Abstract
The Active Magnetic Bearing system (AMB) is a mechatronic device which is used to suspend rotating parts of a machine so that they rotate without contact to the stationary part of the machine. AMBs are highly nonlinear, non-minimum phase and inherently unstable. This paper has aimed to obtain a robust optimal state-feedback control system for the stabilization of the AMB System, with the help of Genetic algorithm (GA) as an optimization tool which will solve the tedious manual tuning of the weighting matrices in the design of linear quadratic regulator (LQR) and linear quadratic Gaussian (LQG).
The system’s mathematical model has been developed and also the properties of the uncontrolled system have been analyzed. Since AMB is a MIMO system, the interaction of the inputs with the outputs has been analyzed using relative gain array analysis and frequency domain analysis of the system transfer functions. Then, the optimal state feedback controllers have been developed. Here, LQR and LQG controllers are developed.

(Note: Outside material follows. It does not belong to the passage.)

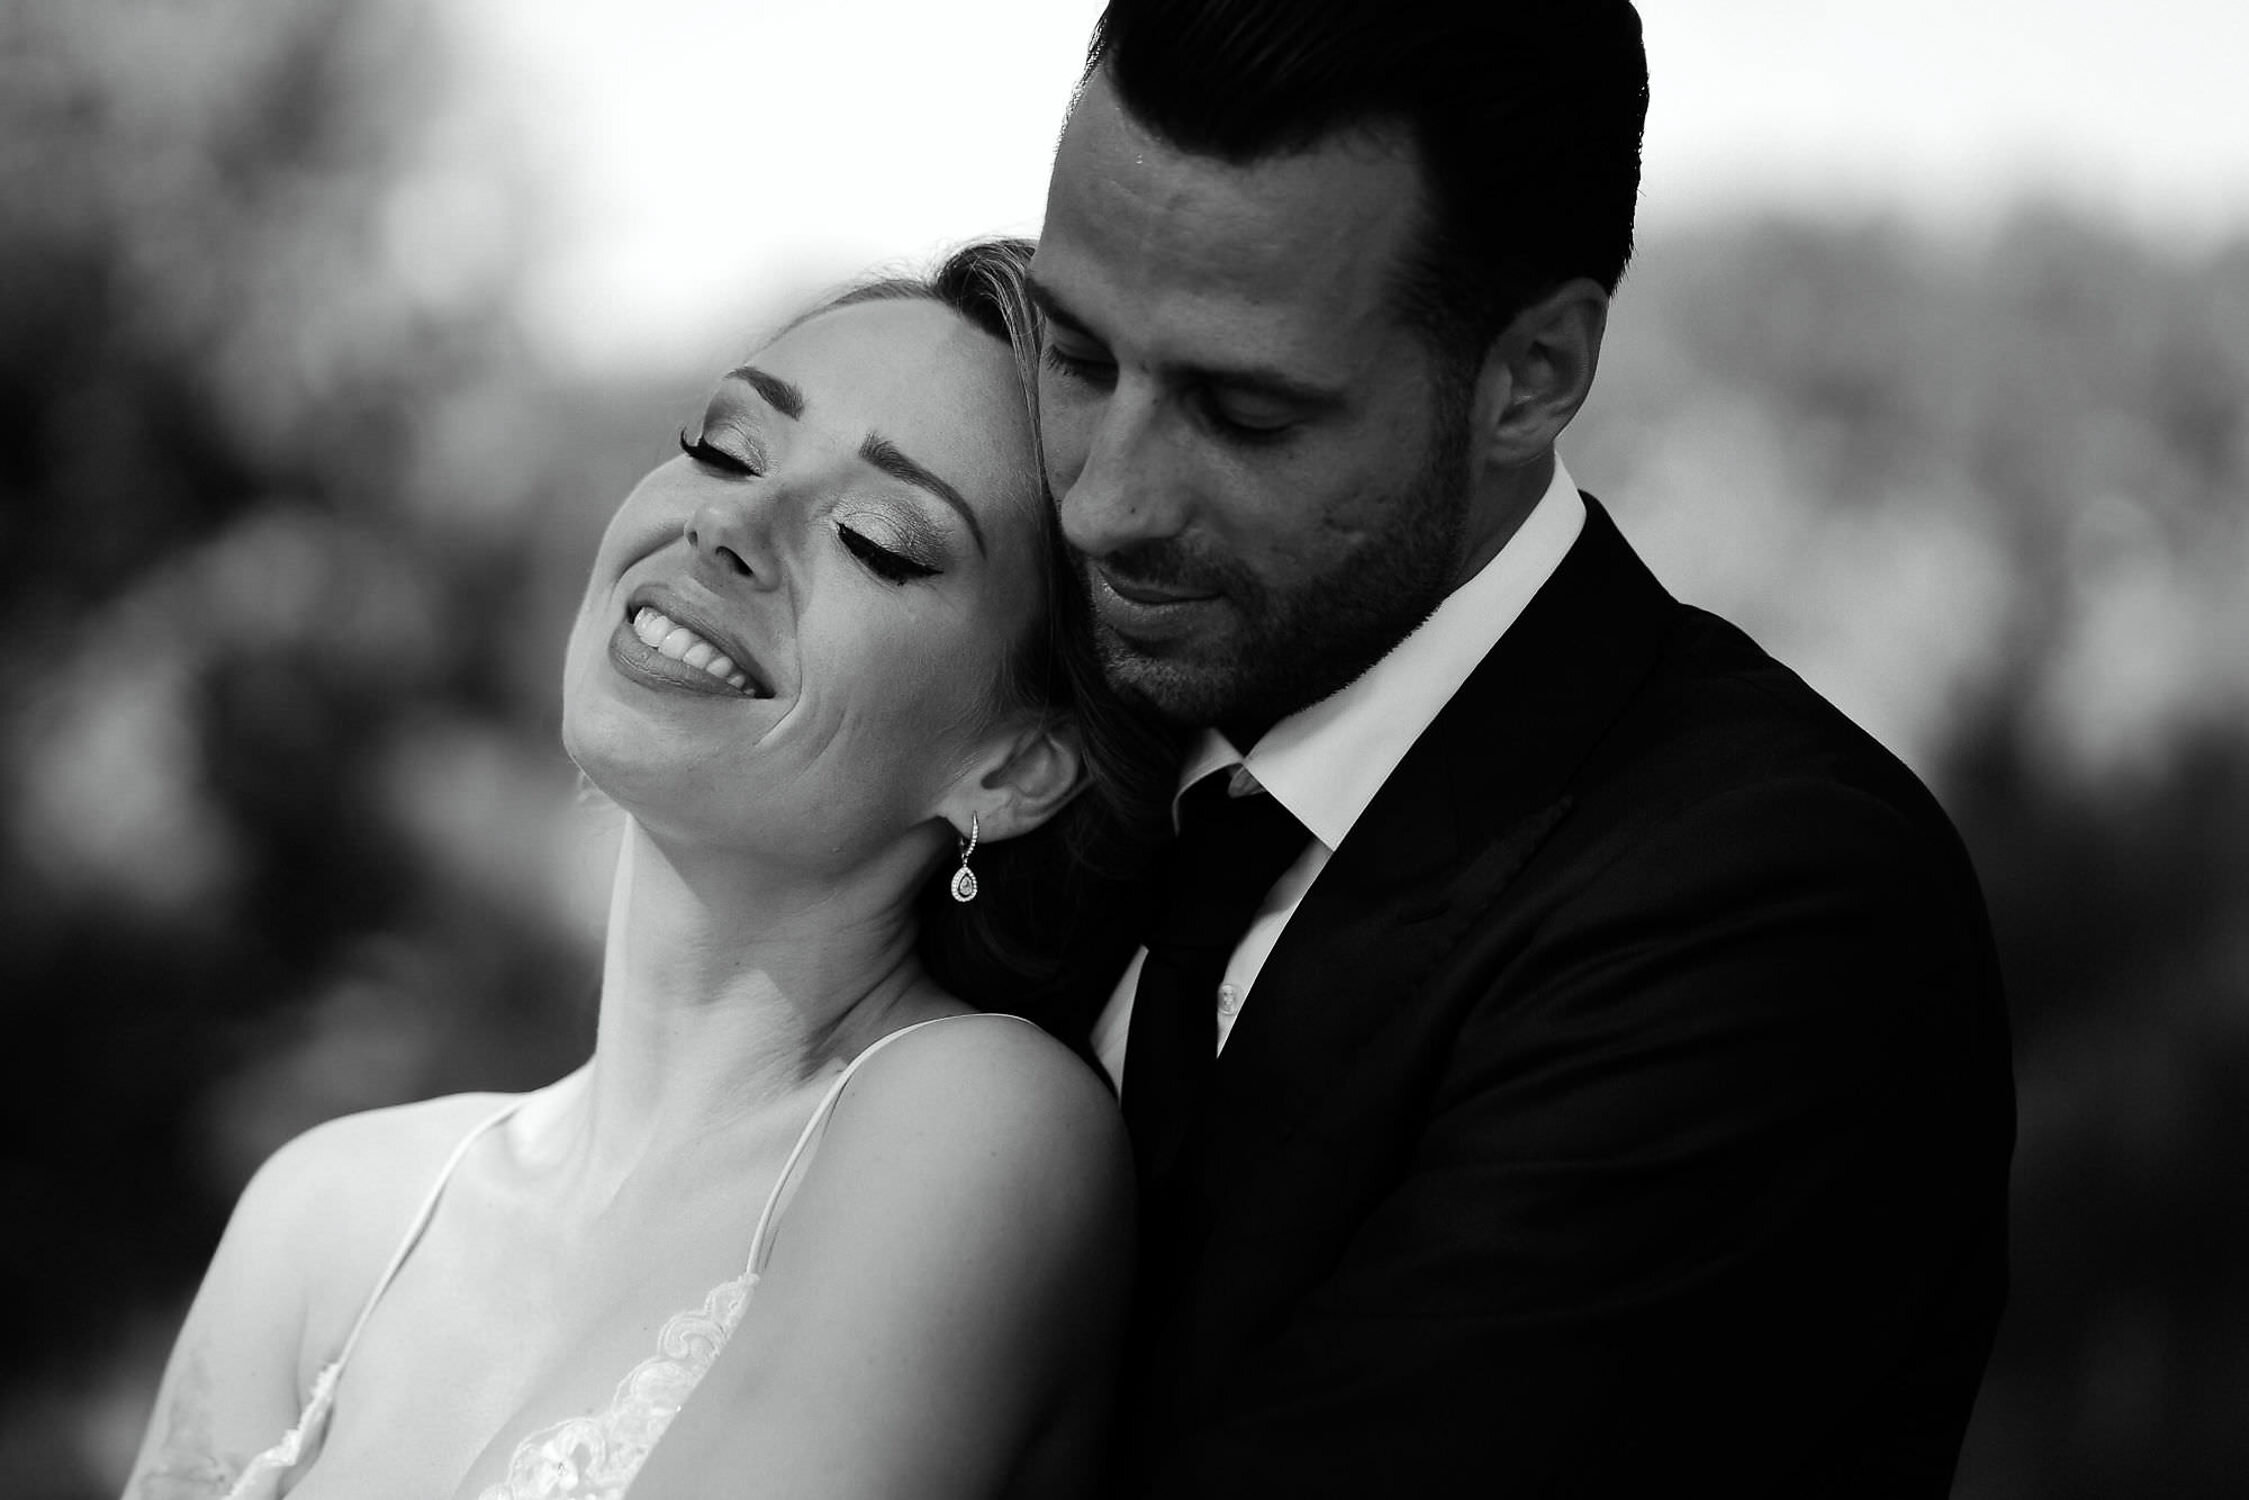 romantic portrait of wedding couple after the wedding in rotterdam by mark hadden amsterdam wedding photographer

Finally, Comparative analysis between the controllers and between the design methods was carried out. The proposed GA based design methodology has resulted good Performance. In addition, the GA based design has also resulted improvements in robustness of the control systems. As far as gain margin (GM) and phase margin (PM) are concerned GA has resulted increase of 8.0*10–4 db and 6.02*10–3° in GM and PM respectively for LQR. Whereas, in LQG GA has resulted an increase of 3.8*10–5 db and 2.54*10–4°.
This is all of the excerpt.